Code Civil

Article 220-3 : Explication et Exemple

Comprendre le droit simplement.

Texte Officiel
En vigueur
"Sont annulables, à la demande du conjoint requérant, tous les actes accomplis en violation de l'ordonnance, s'ils ont été passés avec un tiers de mauvaise foi, ou même s'agissant d'un bien dont l'aliénation est sujette à publicité, s'ils sont simplement postérieurs à la publication prévue par l'article précédent. L'action en nullité est ouverte à l'époux requérant pendant deux années à partir du jour où il a eu connaissance de l'acte, sans pouvoir jamais être intentée, si cet acte est sujet à publicité, plus de deux ans après sa publication."

L'Explication Prémisse

En termes simples

Cet article permet au conjoint protégé par une ordonnance (par exemple une interdiction de vendre un bien) d’obtenir l’annulation des actes faits en violation de cette ordonnance. L’annulation peut être demandée si l’acheteur ou le tiers savait que l’ordonnance était violée (mauvaise foi). Pour les biens dont la cession fait l’objet d’une publicité (ex. vente d’un immeuble inscrite au service de publicité foncière), l’acte peut être annulé même si l’acquéreur était de bonne foi, dès lors qu’il est intervenu après la publication de l’ordonnance.

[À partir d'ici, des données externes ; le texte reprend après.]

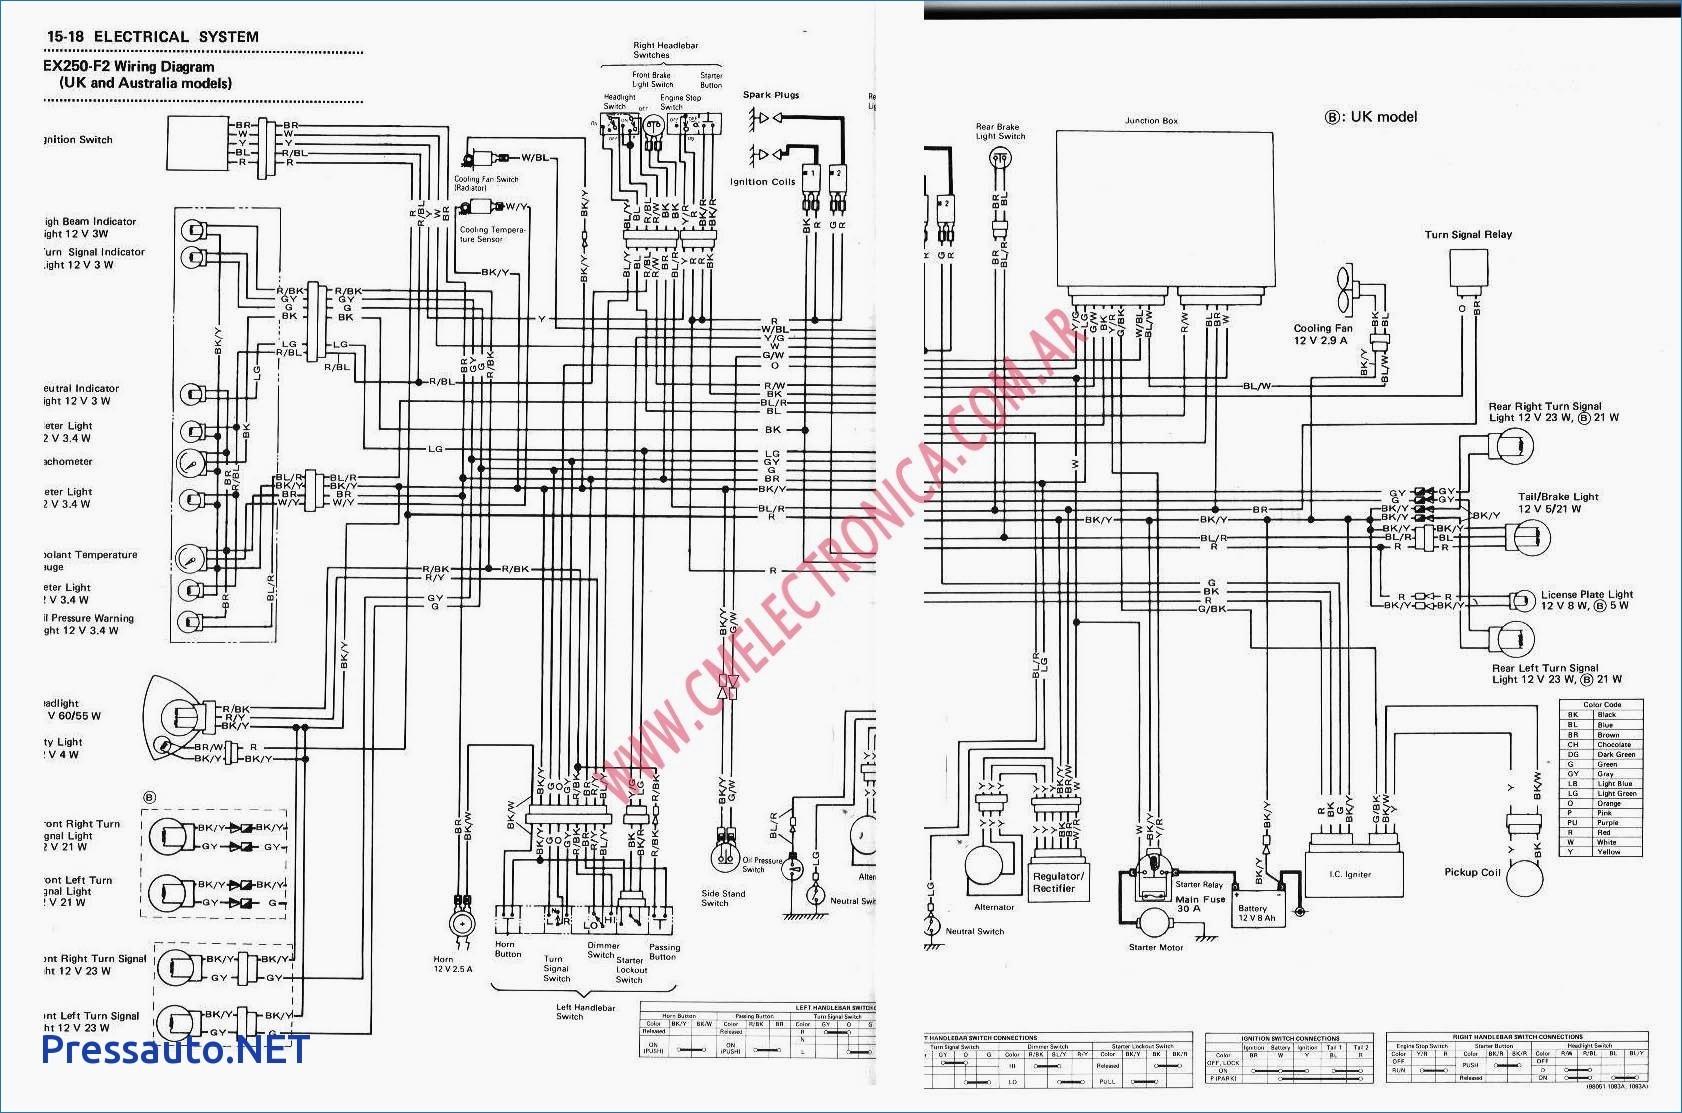 hight resolution of kawasaki klf 250 wiring schematic manual e bookwiring diagram kawasaki bayou 185 wiring diagrams konsultkawasaki bayou

Le conjoint dispose de deux ans pour agir à compter du jour où il a eu connaissance de l’acte ; et lorsqu’il s’agit d’un acte faisant l’objet d’une publicité, l’action est en tout état de cause irrecevable si elle est intentée plus de deux ans après la publication.

Exemple Concret

Imaginez que, dans le cadre d’une procédure, un juge ordonne qu’un appartement ne puisse pas être vendu sans l’accord du conjoint. Cette ordonnance est publiée au service de la publicité foncière. Si l’époux vend l’appartement à un acheteur après cette publication, même si cet acheteur prétend l’avoir acheté sans savoir l’existence de l’ordonnance, le conjoint peut demander l’annulation de la vente parce que la cession est postérieure à la publication. En revanche, si la vente a été faite sans publicité et que l’acheteur était de bonne foi (ignorant l’ordonnance), le conjoint ne pourra obtenir l’annulation, sauf à prouver que l’acheteur était de mauvaise foi. Enfin, si le conjoint n’apprend la vente que beaucoup plus tard, il ne pourra agir que dans les deux ans suivant sa connaissance ; et pour une vente publiée, il ne pourra agir si plus de deux ans se sont écoulés depuis la publication.

Points Clés à Retenir
  • Objet : protège le conjoint en permettant l’annulation des actes accomplis en violation d’une ordonnance judiciaire.
  • Qui peut agir : le conjoint requérant (l’époux protégé par l’ordonnance).
  • Condition de mauvaise foi : l’annulation est possible si l’acte a été conclu avec un tiers de mauvaise foi (le tiers savait ou devait savoir qu’il y avait violation).
  • Règle spéciale pour les actes soumis à publicité : même sans mauvaise foi du tiers, un acte postérieur à la publication de l’ordonnance peut être annulé.
  • Prescription / délai : l’action en nullité doit être exercée dans les deux ans à partir du jour où le conjoint a eu connaissance de l’acte.
  • Déchéance spéciale pour les actes publiés : si l’acte est soumis à publicité, l’action ne peut en aucun cas être intentée plus de deux ans après la publication (délai péremptoire).
  • Preuves : la charge de la preuve de la mauvaise foi du tiers pèse sur le conjoint requérant ; la date de publication et la date de connaissance sont essentielles pour calculer le délai.